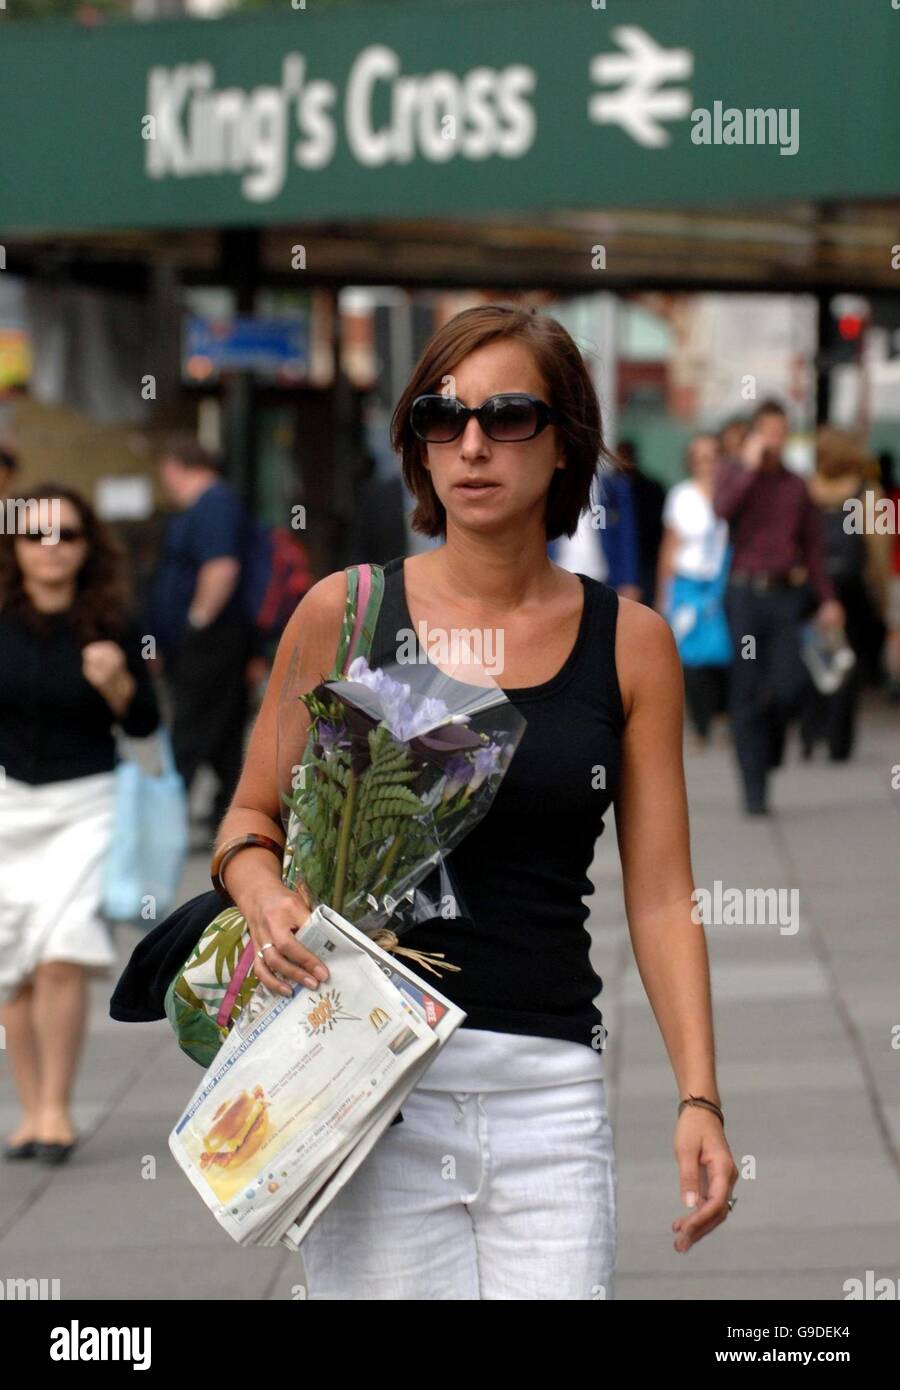 A commuter arrives with flowers at Kings Cross Station, London, on the first anniversary of the terrorist bombings. Stock Photo
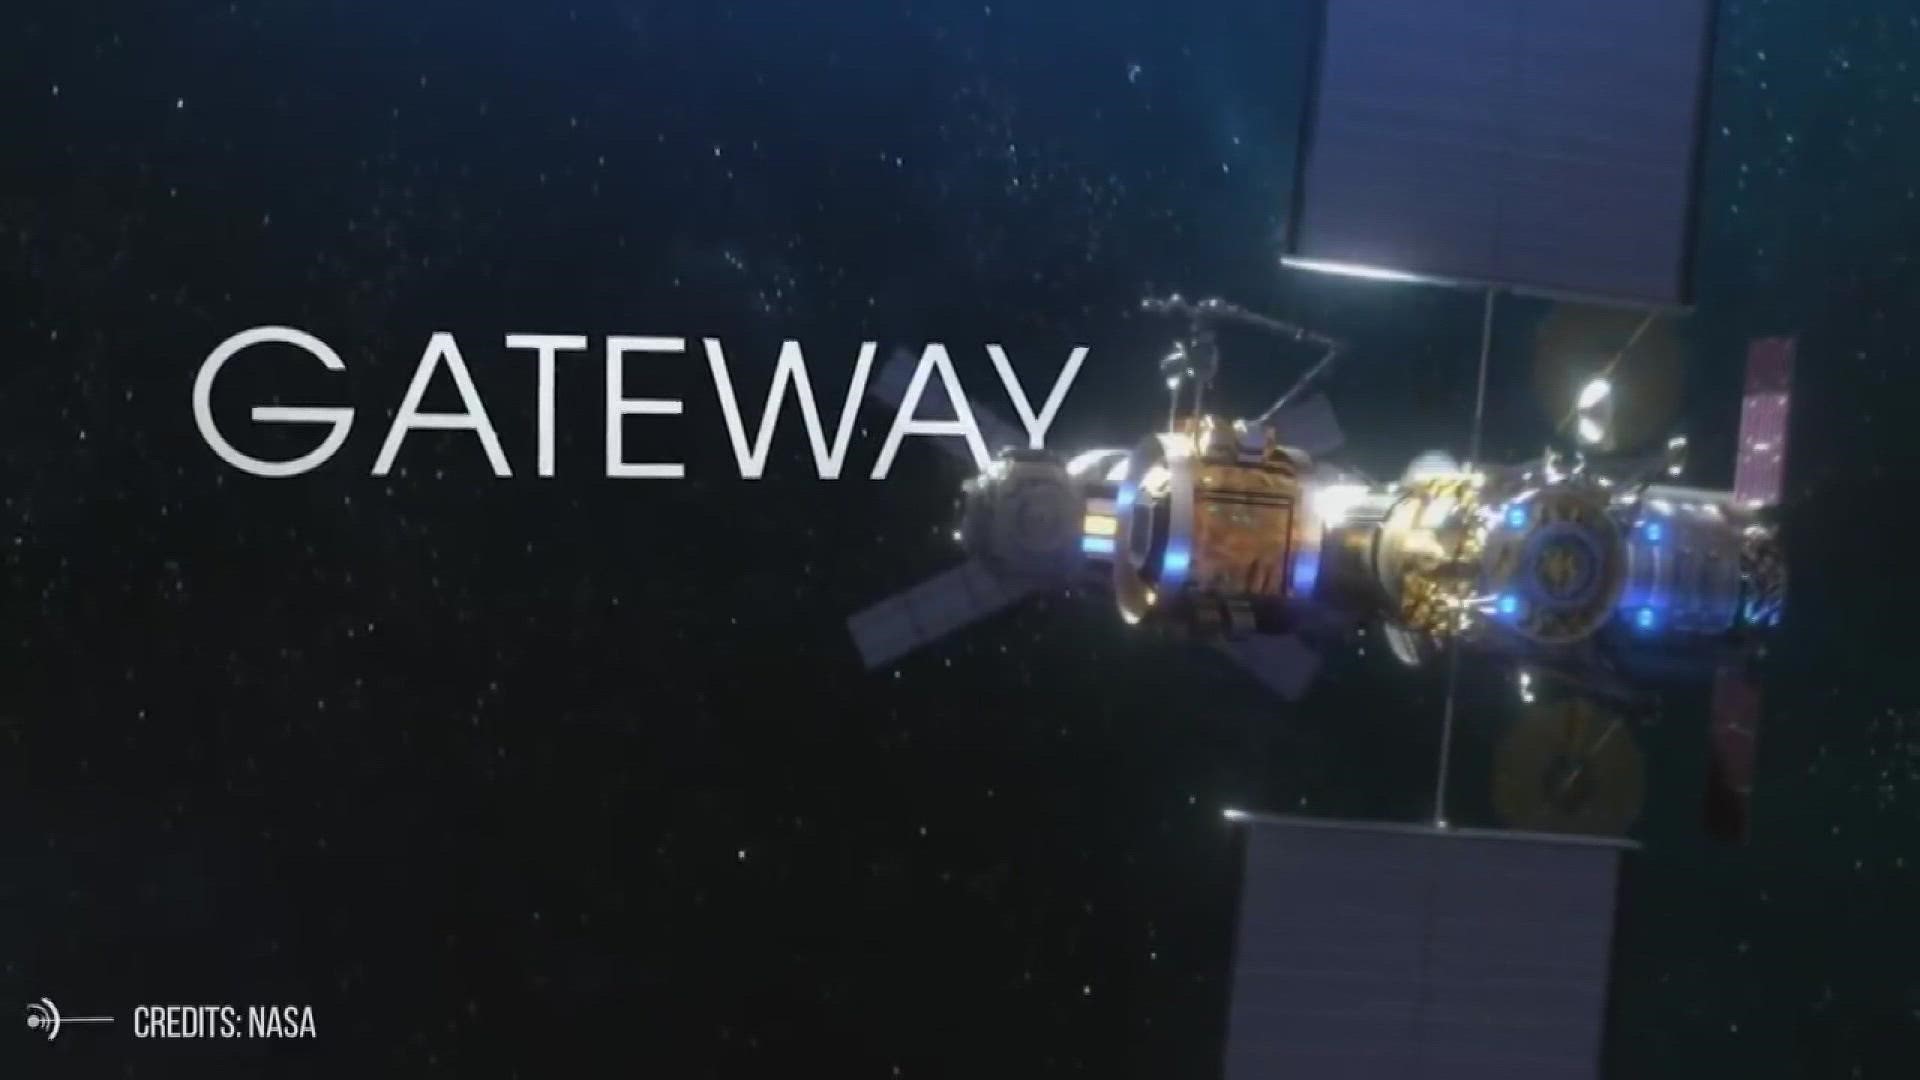 The trip to the moon for the next round of astronauts, will not be a non-stop flight. There will be a layover at a space station called Gateway.
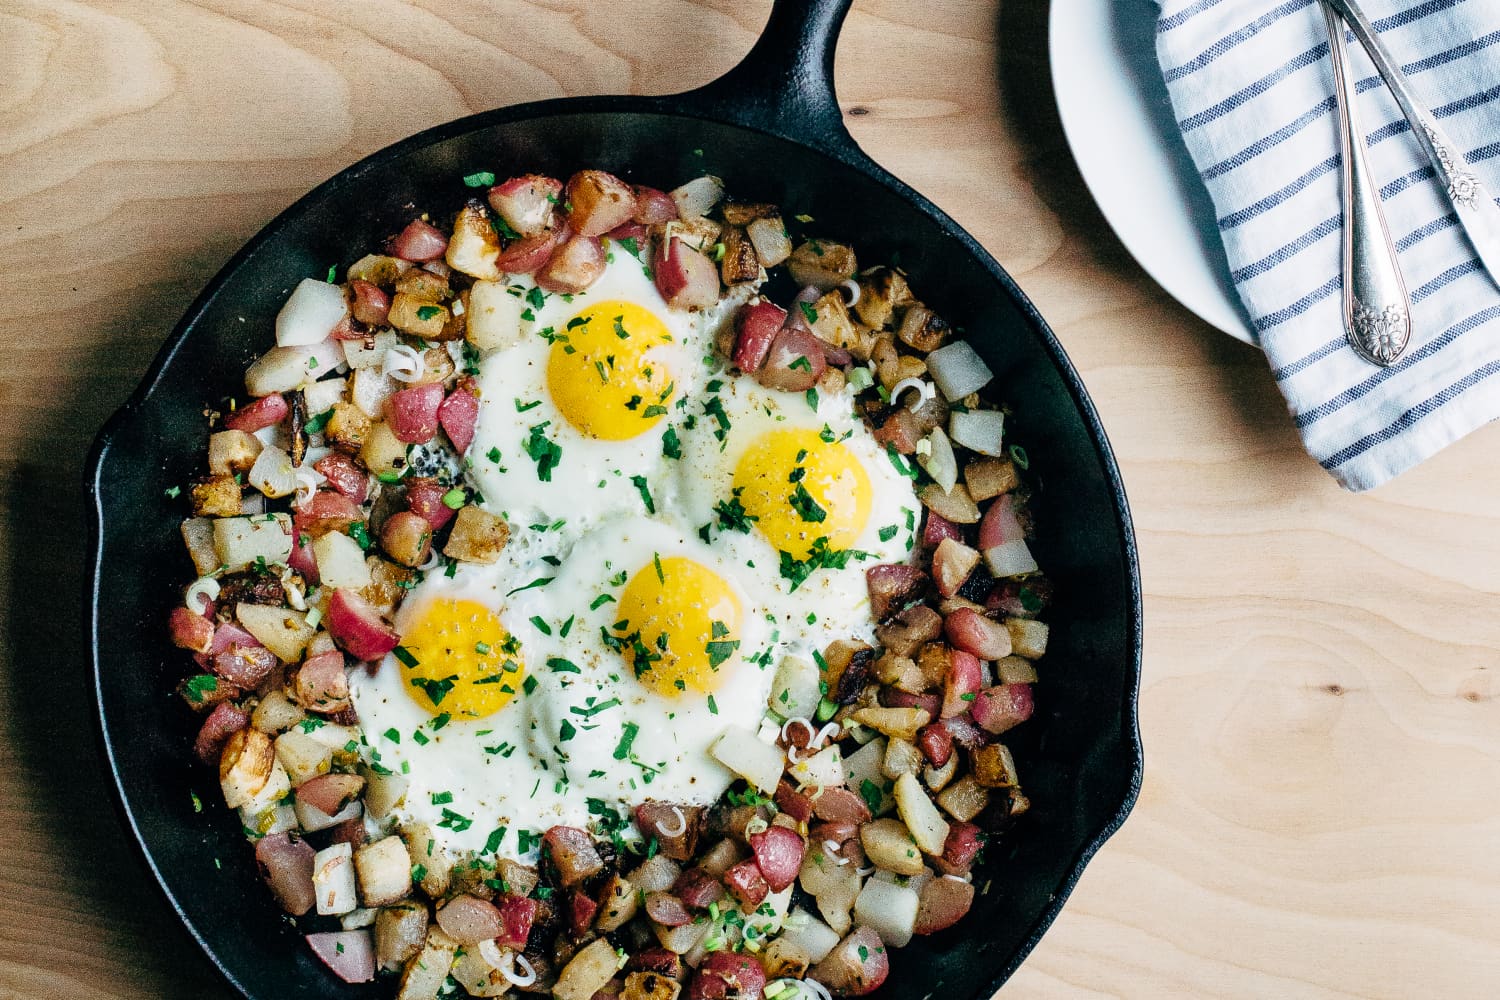 Lodge Giving Away Their Own 80 Layer Skillet : r/castiron

---

EXERCISE OBJECTIVE:
Reproduce every line above exactly, pictures excluded.

EXERCISE RESPONSE:
 A commuter arrives with flowers at Kings Cross Station, London, on the first anniversary of the terrorist bombings. Stock Photo
 The trip to the moon for the next round of astronauts, will not be a non-stop flight. There will be a layover at a space station called Gateway.
 Lodge Giving Away Their Own 80 Layer Skillet : r/castiron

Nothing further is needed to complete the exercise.